Just the opposite - we have full custody of the boys - BM gets them every other weekend.

We only have my daughter 50% of the time.

One weekend all of them, the next weekend none of them.

If anything, it should be more geared towards her since she isn't here as often, but they won't see it that way as they are selfish and think the world owes them something. And I know your gut reaction is to say I just think that because they are my step kids.. no, even people biologically related to them share the same opinions of them so it's not just my jaded mean one sided view.

stepmomsoon's picture

She just turned 11.

And sorry, but I disagree with it "not being bad at all" - when I see some sleezeball telling the women in a yoga class to "hold their hands like this (like they are holding a penis and jacking off a guy) and jiggle up and down" (while the camera focuses on their boobs jiggling) - then "turn around and bend over and smack your ass"... sorry, but my daughter doesn't need to see women portrayed as porn star sex objects.. she will be exposed to that crap soon enough by her peers as a teenager, I'm sure.. no need to rush it.

MamaDuck's picture

Haha, sometimes I put kiddy movies on for the kids, but then SO walks in and I'm the only one left sitting there watching it lol

MamaDuck's picture

OMG, lucky you took your DD out of the room when you did during the Internship, there's a rather lengthy titty scene at a strip bar, dry humping and all lol tis a hilarious movie, but I for one, as a parent would never watch a movie like that with my kids until they are ADULTS, NOT teens! 12 & 14 are still too young for that movie, IMHO.

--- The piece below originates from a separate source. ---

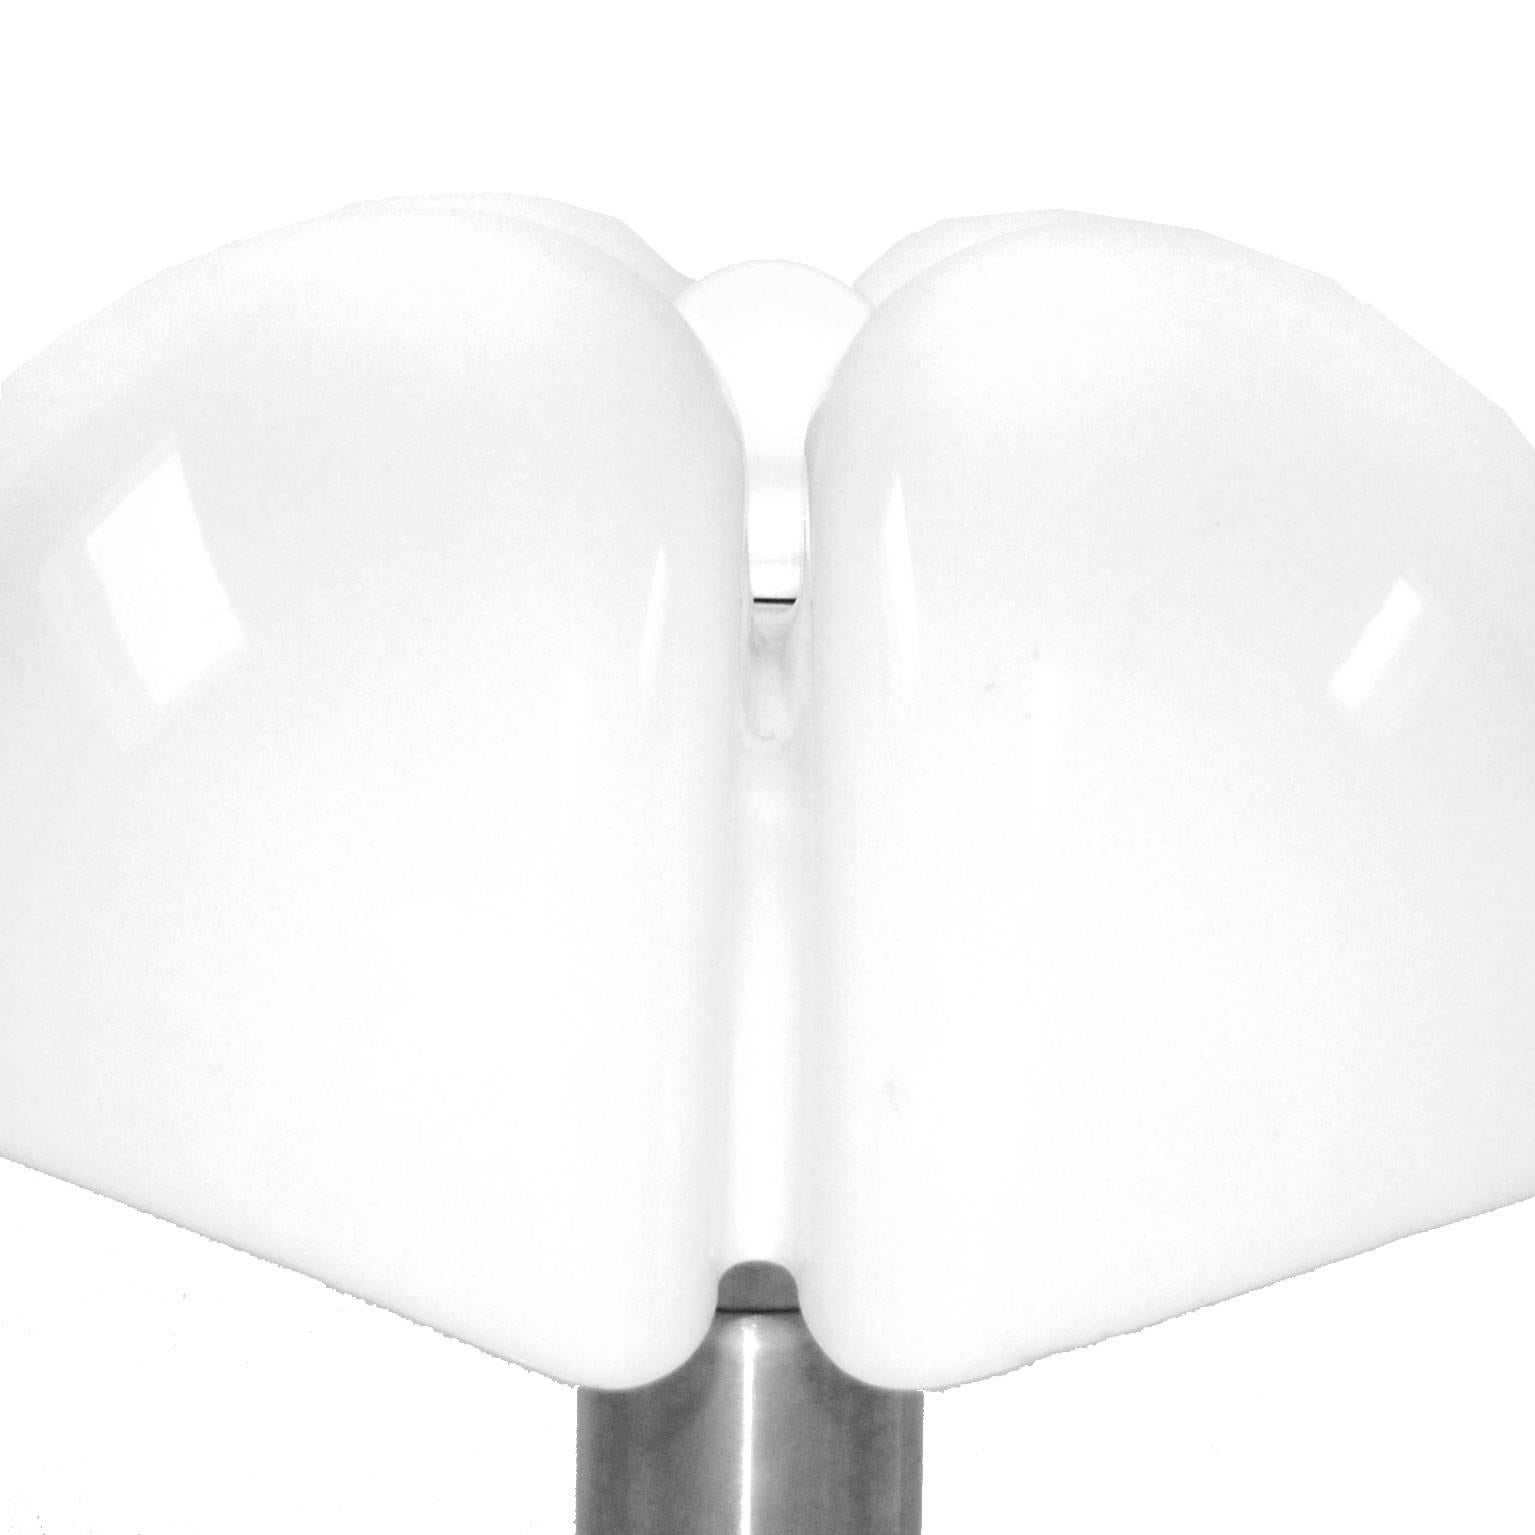 Pipistrello table lamp by Gae Aulenti. Regulable structure made in white lacquer metal and steel with shade in fiberglass.

It's incredibly disrespectful of your DH and SK's to turn 'family movie night' into something that makes you and the younger kid uncomfortable and excluded Sad If the 12 and 14yo are no longer into family movies appropriate for the youngest kid, maybe your BD can pick something, you guys watch that first and then the SK's can stay up and watch a movie of their choosing??

luchay's picture

Yes, we pick based on what is appropriate for my youngest (turned 8 last week) MY skids also have been exposed to much older content that I would allow, both sd13 and ss10 have seen R rated movies, and watch stuff that when I hear makes my jaw drop.

I do put my foot down and say no.

On the plus side my skids and OH are all happy to sit and watch kid movies as well, and we do watch some teen and even things like Grease, I just take care with the picking.

We also watch a lot of 80's movies and TV shows - the kids love them.